She made a breakthrough with the album 24 Giờ 7 Ngày (24 hours 7 days). In the first album ever, she already made her first hit as the song 24 Giờ 7 Ngày (24 Hours 7 Days). However, being a model still prevented her from making much success in music industry, but it was a firm foundation to prove her own position.

2001: Career debut 
In 2001, she was chosen by director Luu Trong Ninh to portray a character in TV drama Hoa Co May, the drama was aired in Saturday Cinema Show on VTV3 at the time. Her first on-screen debut is Huong - an American-Vietnamese girl with tough personality. At that time, she was studying Piano Major at Military Art and Culture College. Although her acting career was short-lived, the audience was still impressed by her.

In 2005, after the release of 39 Độ Yêu (39 Degree of Love) and Chiến Dịch Trái Tim Bên Phải (Right-heart Campaign), she temporarily stopped acting to focus on singing instead.

2004: Debut album 24 Hours 7 Days
She came to Hanoi and met musician Huy Tuan in order to discuss the implementation of her first album.

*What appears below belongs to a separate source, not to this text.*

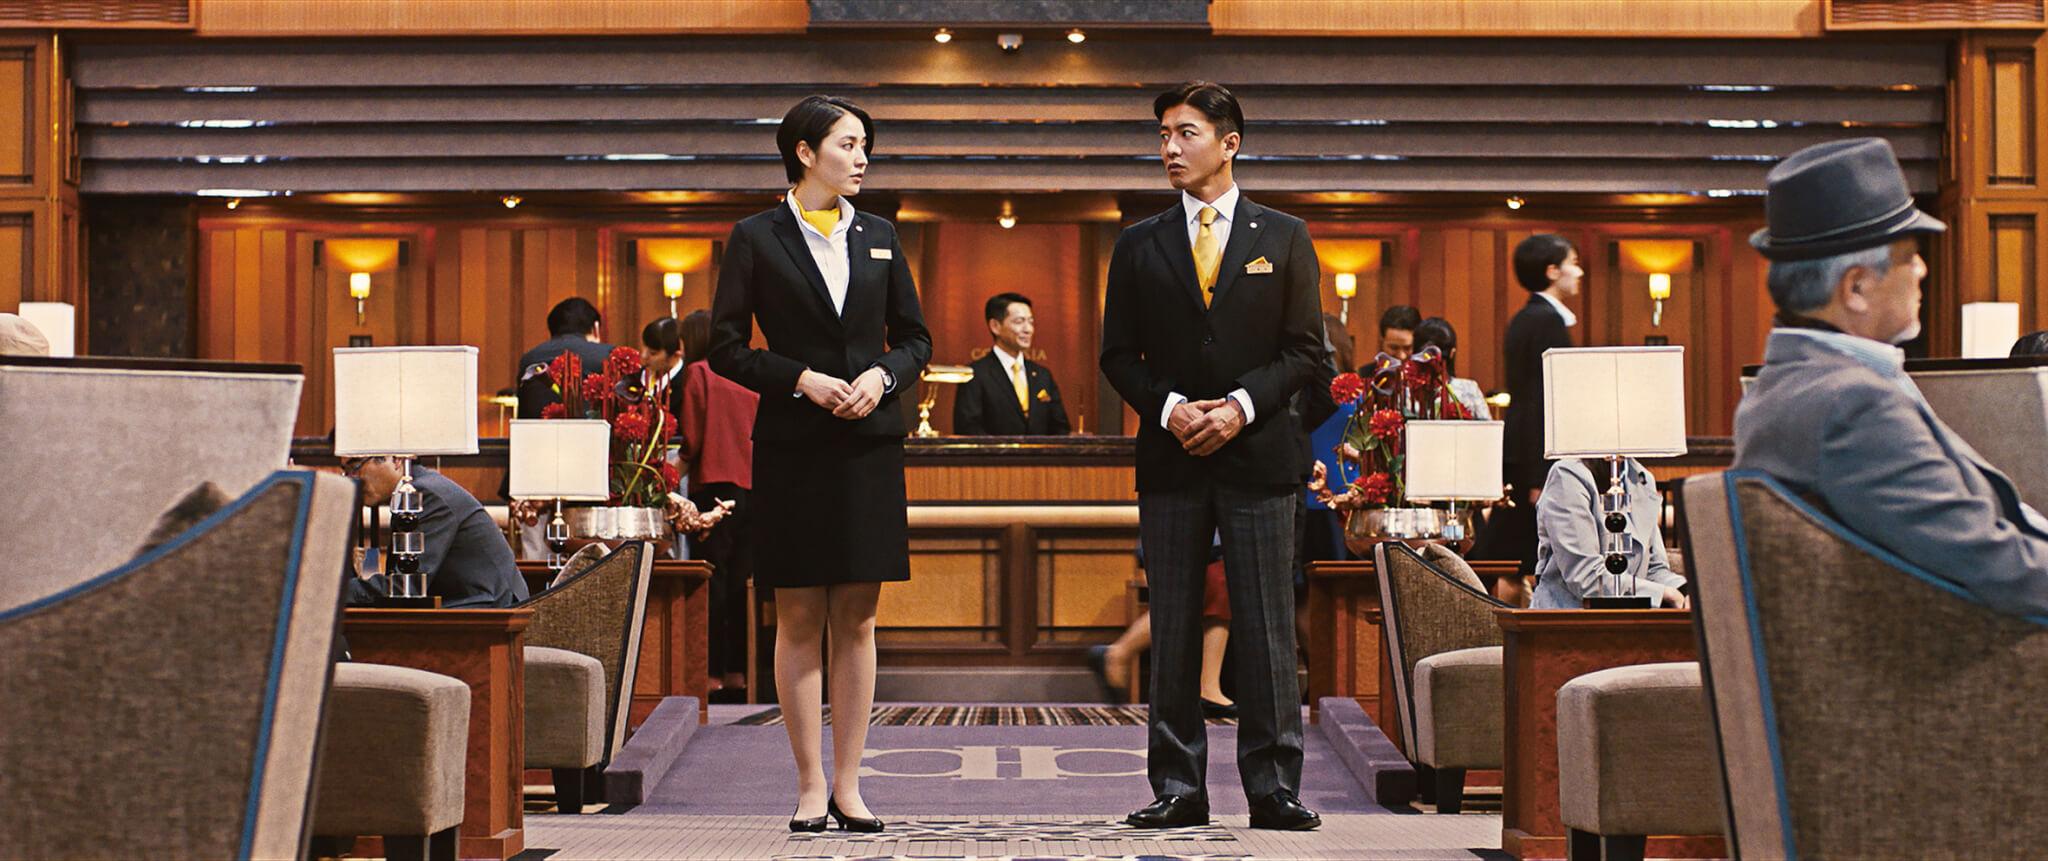 長澤正美(左)與木村拓哉(右)的角色是一男一女的探案組合,這設定在東野圭吾的作品中不時出現。

After that, Huy Tuan began working on her debut album as a producer, which was named as  (24 Hours 7 Days), which was released in 2004 by Viet Tan Studio. The songs in the album were produced by Tuan and were composed by famous songwriters such as Duc Tri, Nguyen Xinh Xo, Hong Kien, Duong Thu, An Hieu and Huy Tuan. In the album, the song with same name as the title gained a lot of success and was performed by her on various music shows. In spite of much investment, this album did not make much resonance for her because the album was not widely advertised and there was no promotional music video, until her nude "art" photos were posted online; then her name was mentioned everywhere. In addition, that was when feelings emerged between her and musician Duc Tri. Tri is a close friend of musician Huy Tuan, so the album used his song  (Today He Comes). After that, Tuan introduced two acquaintances and their feelings at the time were a great concern of the media.

2005: Và Em Đã Yêu and start acting again. 
She signed a record deal with songwriter Duc Tri's Music Faces Records, they then worked together for her second album following Huy Tuan's advice. Her next album title is Và Em Đã Yêu (And I'm In Love), which was released in June 2005 by Music Faces Records and Phuong Nam Films. The album was well made primarily focusing on Ho Ngoc Ha's strong image. There were 5 songs in the album composed by Phuong Uyen, Ho Quang Minh and Duc Tri, the 5 other songs were her old songs remixed. Two hit songs of the album were Đêm Nghe Tiếng Mưa (Listening to Night Rain) and Và Em Đã Yêu (And I'm In Love) helped Ho Ngoc Ha become well-known afterward.

After the release of second album, she came back to acting in TV drama version of 39 Độ Yêu (39 Degree of Love) consisting 16 episodes - which used to be a 90 minute in length movie that had been released in several Vietnam box office previously. The drama was not as impressive as expected and was criticised by audiences. VnExpress said the movie was a "messy magic show" with "terrible cut from the original". Later, she joined the movie title Chiến Dịch Trái Tim Bên Phải (Right Heart Campaign) released on 10 June 2005. On the contrary of 39 Độ Yêu (39 Degree of Love), this movie gained plenty of positive reviews from the audiences, Hoai Nam from Tuoi Tre Newspaper wrote a list of "5 reasons that you should watch Right Heart Campaign" along with many compliments from the audience toward her acting. After this movie, she stopped to focus on singing (it was not until 2015, she made a cameo in the movie Hy Sinh Đời Trai by Tan Beo which was released on 21 August 2015)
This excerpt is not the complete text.